I chose these queries because they are representative of the types of queries our example application would generate, and they are not simple point selects. Getting a distributed hash table working is easy. But DHTs tend to fall apart fairly quickly when queries start introducing ordering, examining multiple rows, or other non key-value lookups. In other words, real-world use.

MongoDB
C++ test harness. Peak throughput at 64 concurrent client threads.

db.files.find({user_id: user_id}).sort({last_updated: -1}).limit(10)

55,103 queries/sec

db.files.find({'server_id': server_id, 'deleted': 1}).count()

675 queries/sec

Clustrix
C test harness.
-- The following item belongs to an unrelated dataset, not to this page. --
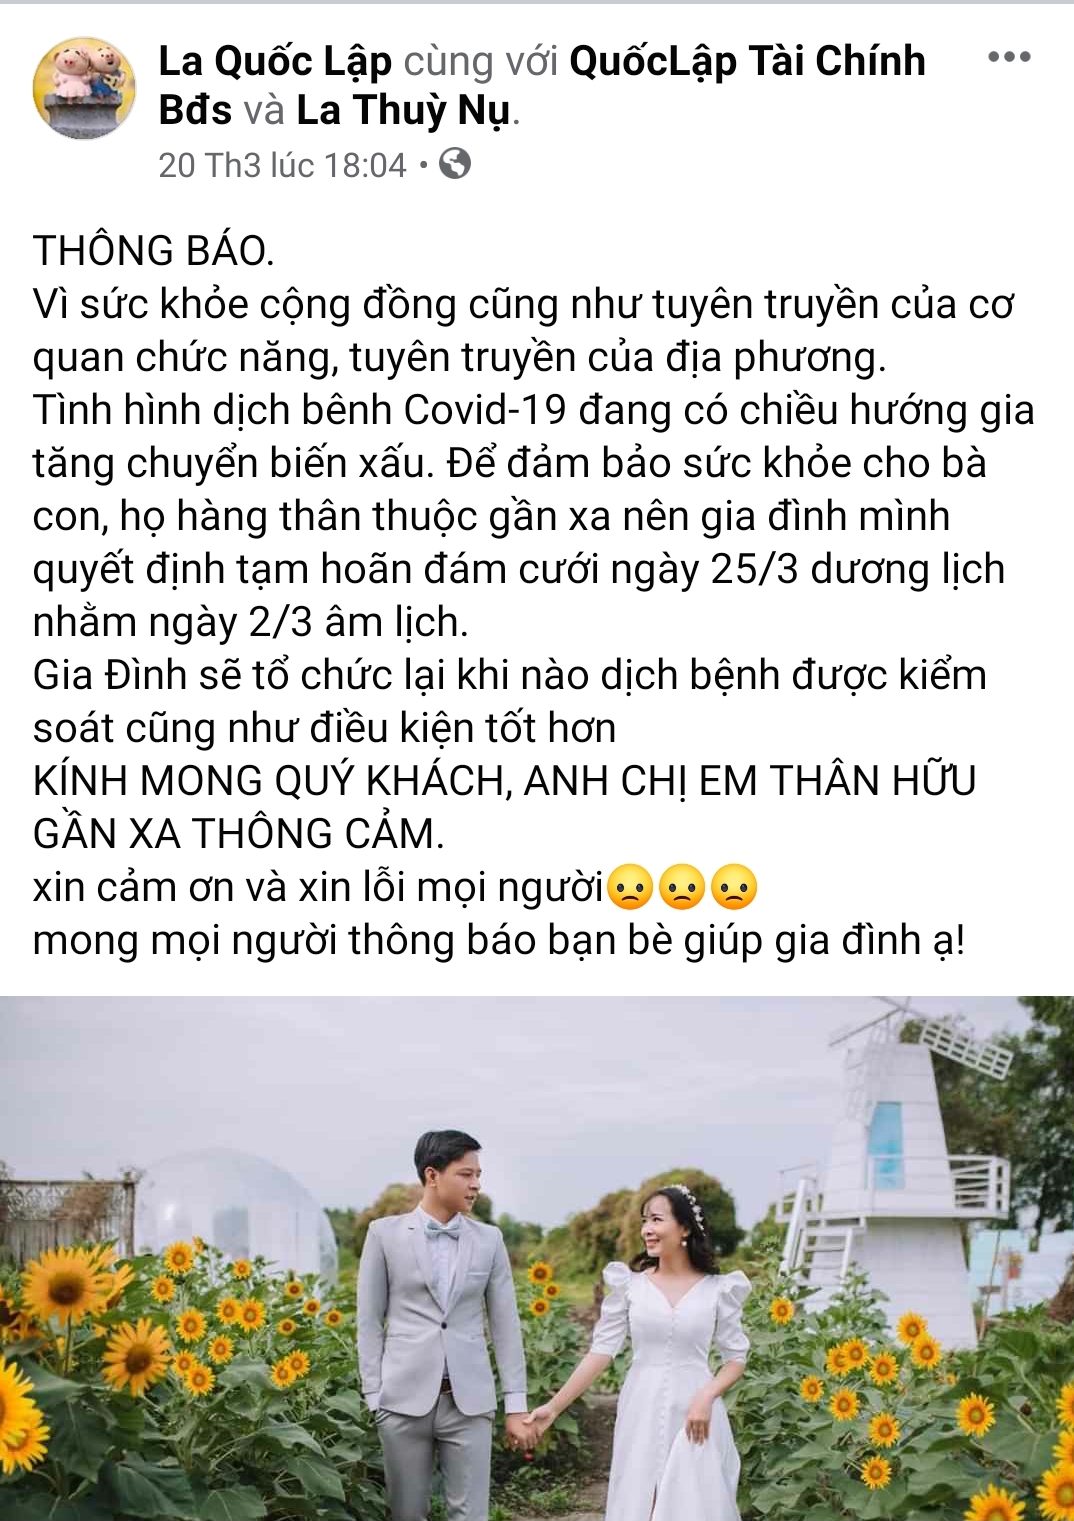 Thông báo hoãn cưới của cặp đôi Quốc Lập - Thu Trinh trên trang Facebook cá nhân được nhiều người đồng tình, ủng hộ. (Ảnh chụp qua màn hình điện thoại)

Peak throughput at 256 concurrent client threads.

select * from benchmark.files where user_id = .. order by last_updated desc limit 10

56,641 queries/sec

select count(1) from benchmark.files where server_id = .. and deleted = 1

625 queries/sec

So on a read-only test, MongoDB and Clustrix are within 1% of each other for test1. Clustrix is faster on test 1 and MongoDB is 7% faster on test2. I captured a profile of Clustrix during a test1 run, and saw that the the execution engine dominates CPU time (as opposed to say SQL parsing or query planning). In looking at the profiles during test2 runs on Clustrix, I saw that we had a bunch of idle time in the system, so there's room for optimization.

But real-world loads tend to be read/write, so let's see how Mongo does when we add writes to the equation.

Test 3: Read/Write

My initial plan called for a combination of read-centric and write-centric loads. It seems that most web infrastructures are heavier on the reads than writes, but there are many exceptions. In Clustrix, we use Multi-Version Concurrency Control, which means that readers are never blocked by writers. We handle both read heavy and write heavy workloads equally well. Since MongoDB seems to do much better with reads than writes, I decided to stick to a read-centric workload.

The Clustrix test shows show very little drop off in performance for reads. On the Mongo side, I expected to see a drop off in performance directly proportional to the amount of write load.

However, what I saw mind blowing: Mongo completely starved the readers! The following graph shows the query load on one of the 10 shards during the write portion of the test. I simply started up a single write thread while letting the read test run. The write was active for all of 60 seconds, and it took Mongo an additional 15 seconds to recover after the writer stopped.

MongoDB
FAIL

Custrix
test1: 4,425 writes/sec and 49,099 reads/sec (total 53,524 queries/sec) (92% read / 8% write)
test2: 4,450 writes/sec and 625 reads/sec

The test2 aggregate query is much more computationally expensive compared to an insert. So the read/write ratio for test2 became very skewed. Note that Clustrix did not drop in read throughput at all.

Overall, you can see why every modern DBMS choose to go with the MVCC model for concurrency control.

Conclusion

The SQL relational model can clearly scale. The only place where MongoDB could compete with Clustrix was on pure read-only workloads. But that's just not representative of real world application loads

Building a scalable distributed system is more about good architecture and solid engineering. Now that we have scale and performance out of the way, I'm going to review the other important aspects of a DBMS in my upcoming posts.